Task directions —
Reproduce the data below in full and to the letter, images excepted.

Supplied information —

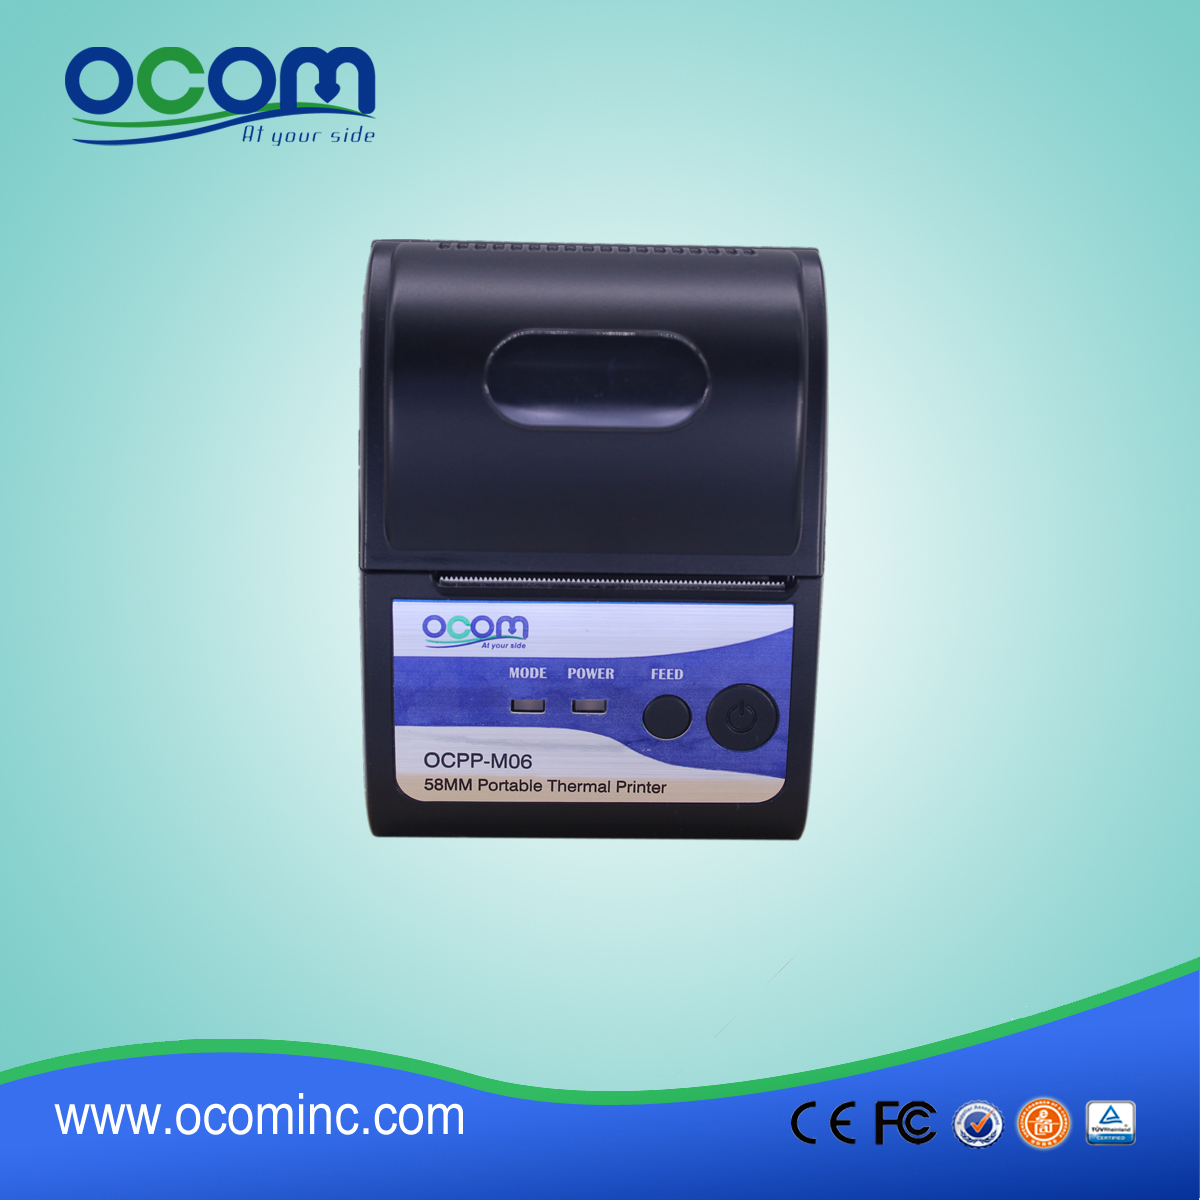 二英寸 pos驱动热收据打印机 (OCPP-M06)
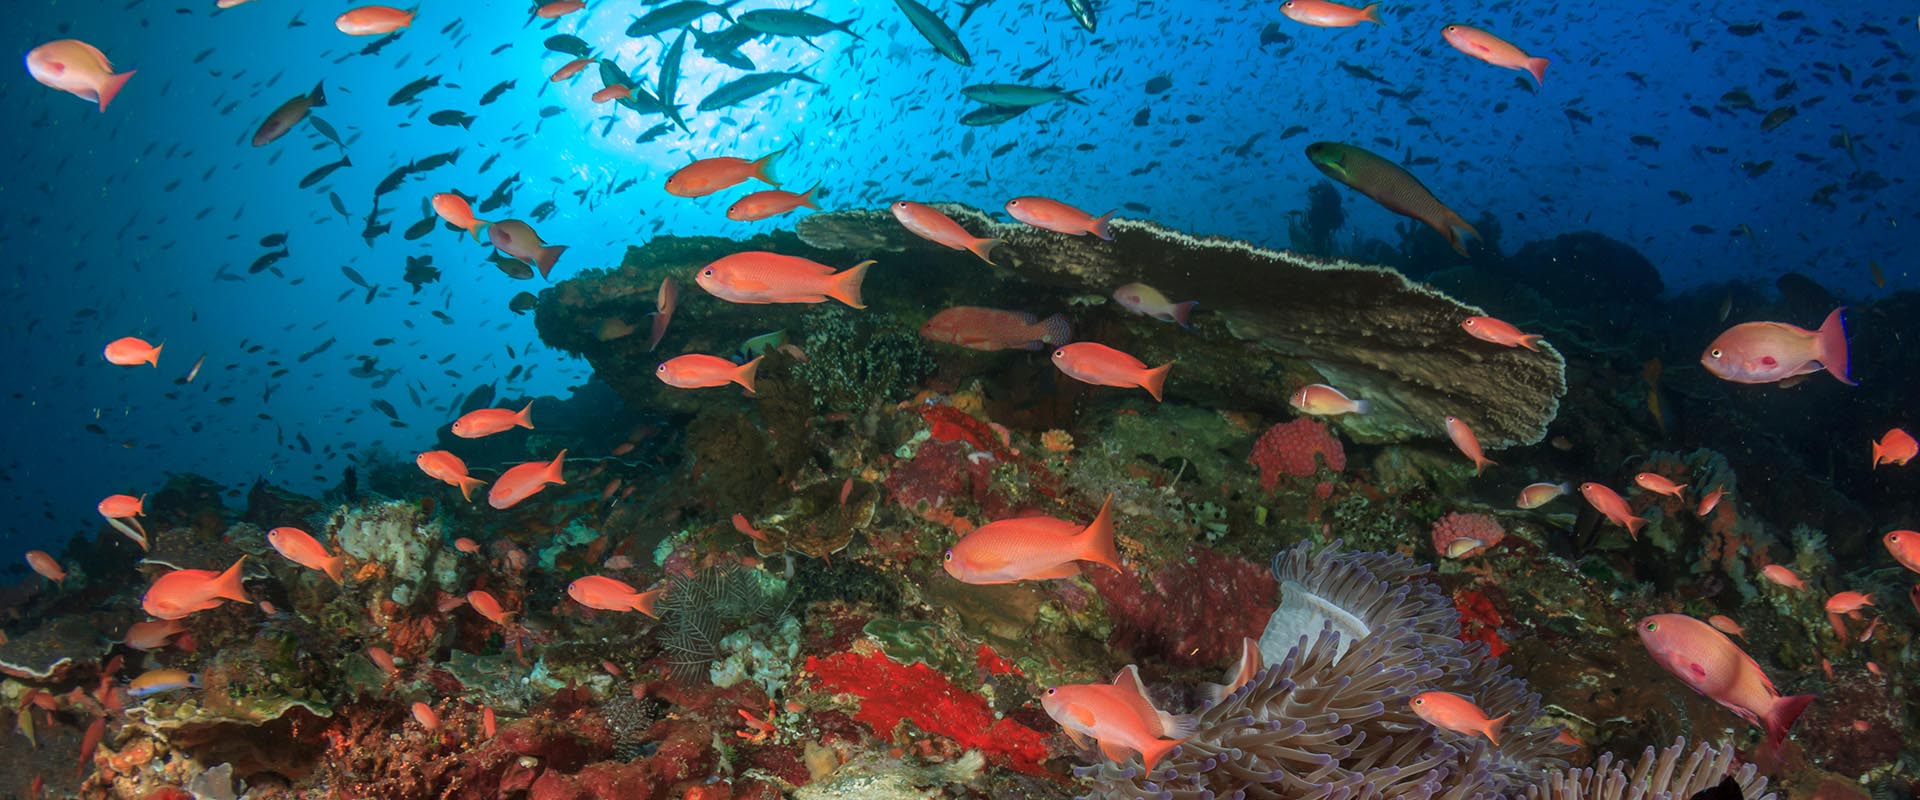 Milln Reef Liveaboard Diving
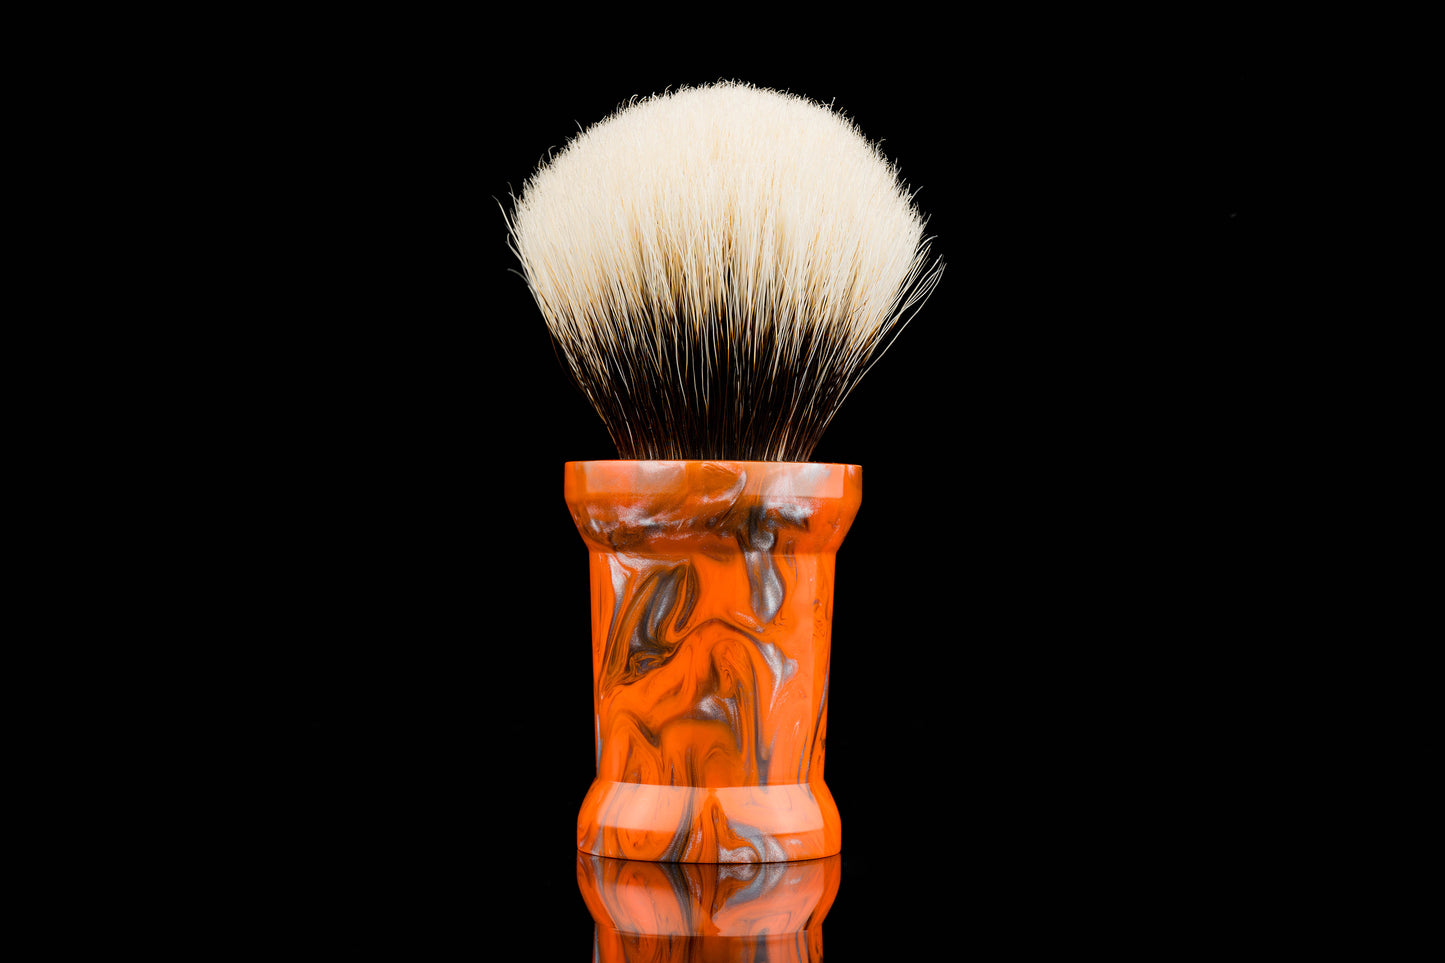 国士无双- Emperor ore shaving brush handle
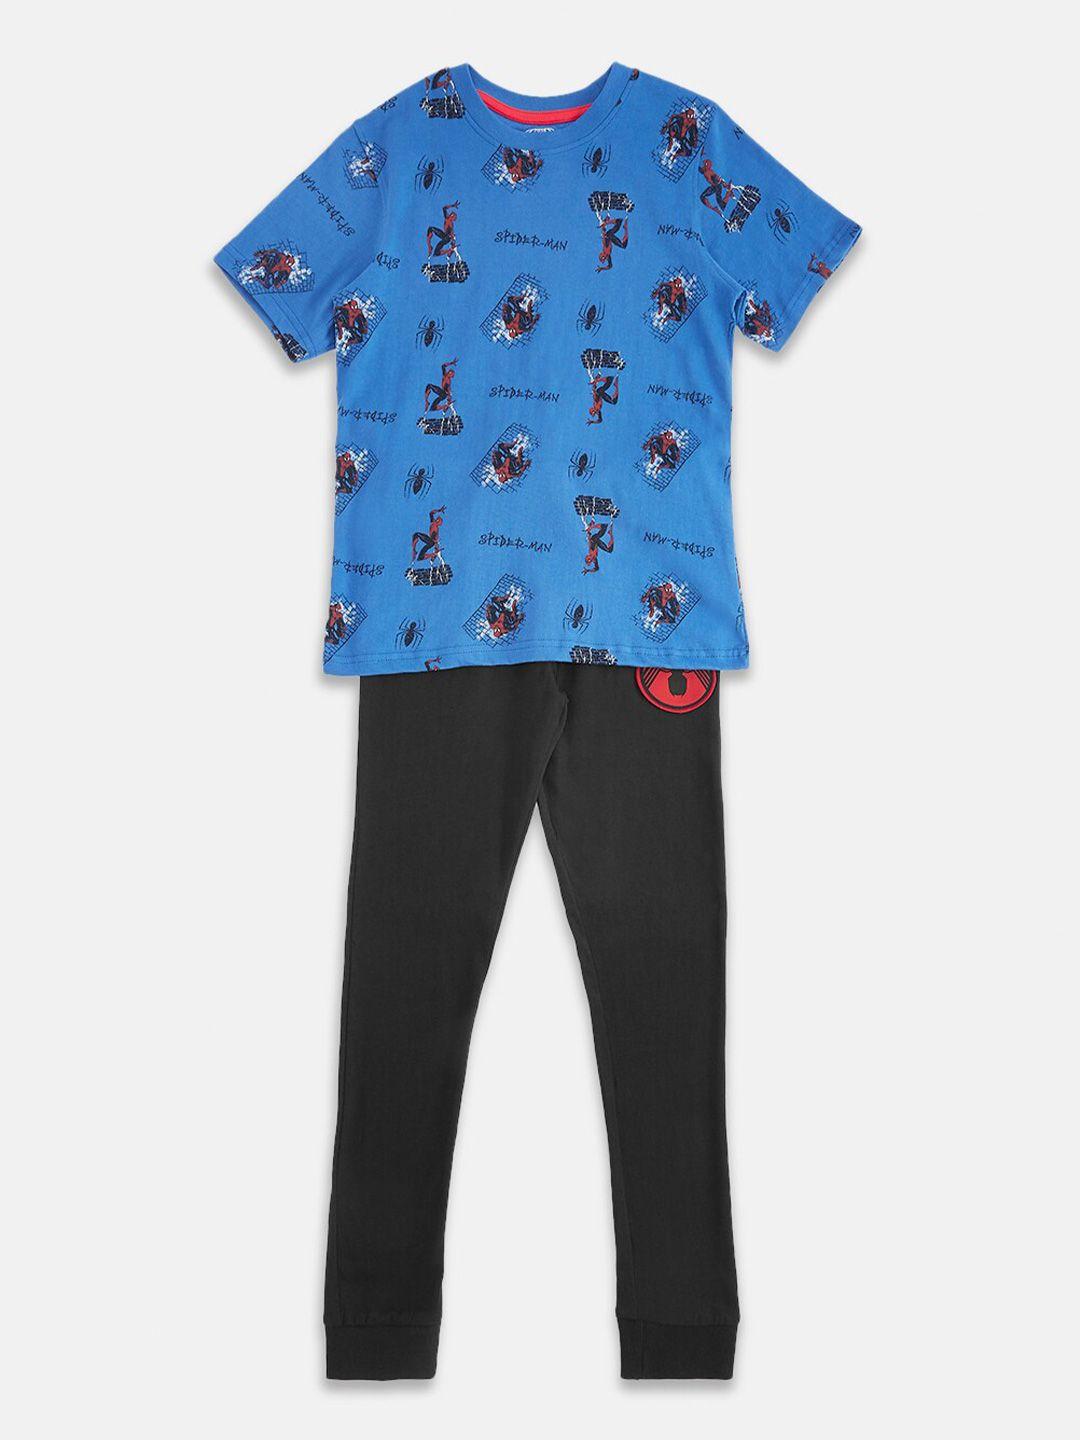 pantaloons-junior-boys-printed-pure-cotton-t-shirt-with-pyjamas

Solution to the exercise —
 二英寸 pos驱动热收据打印机 (OCPP-M06)
 Milln Reef Liveaboard Diving
 国士无双- Emperor ore shaving brush handle
 pantaloons-junior-boys-printed-pure-cotton-t-shirt-with-pyjamas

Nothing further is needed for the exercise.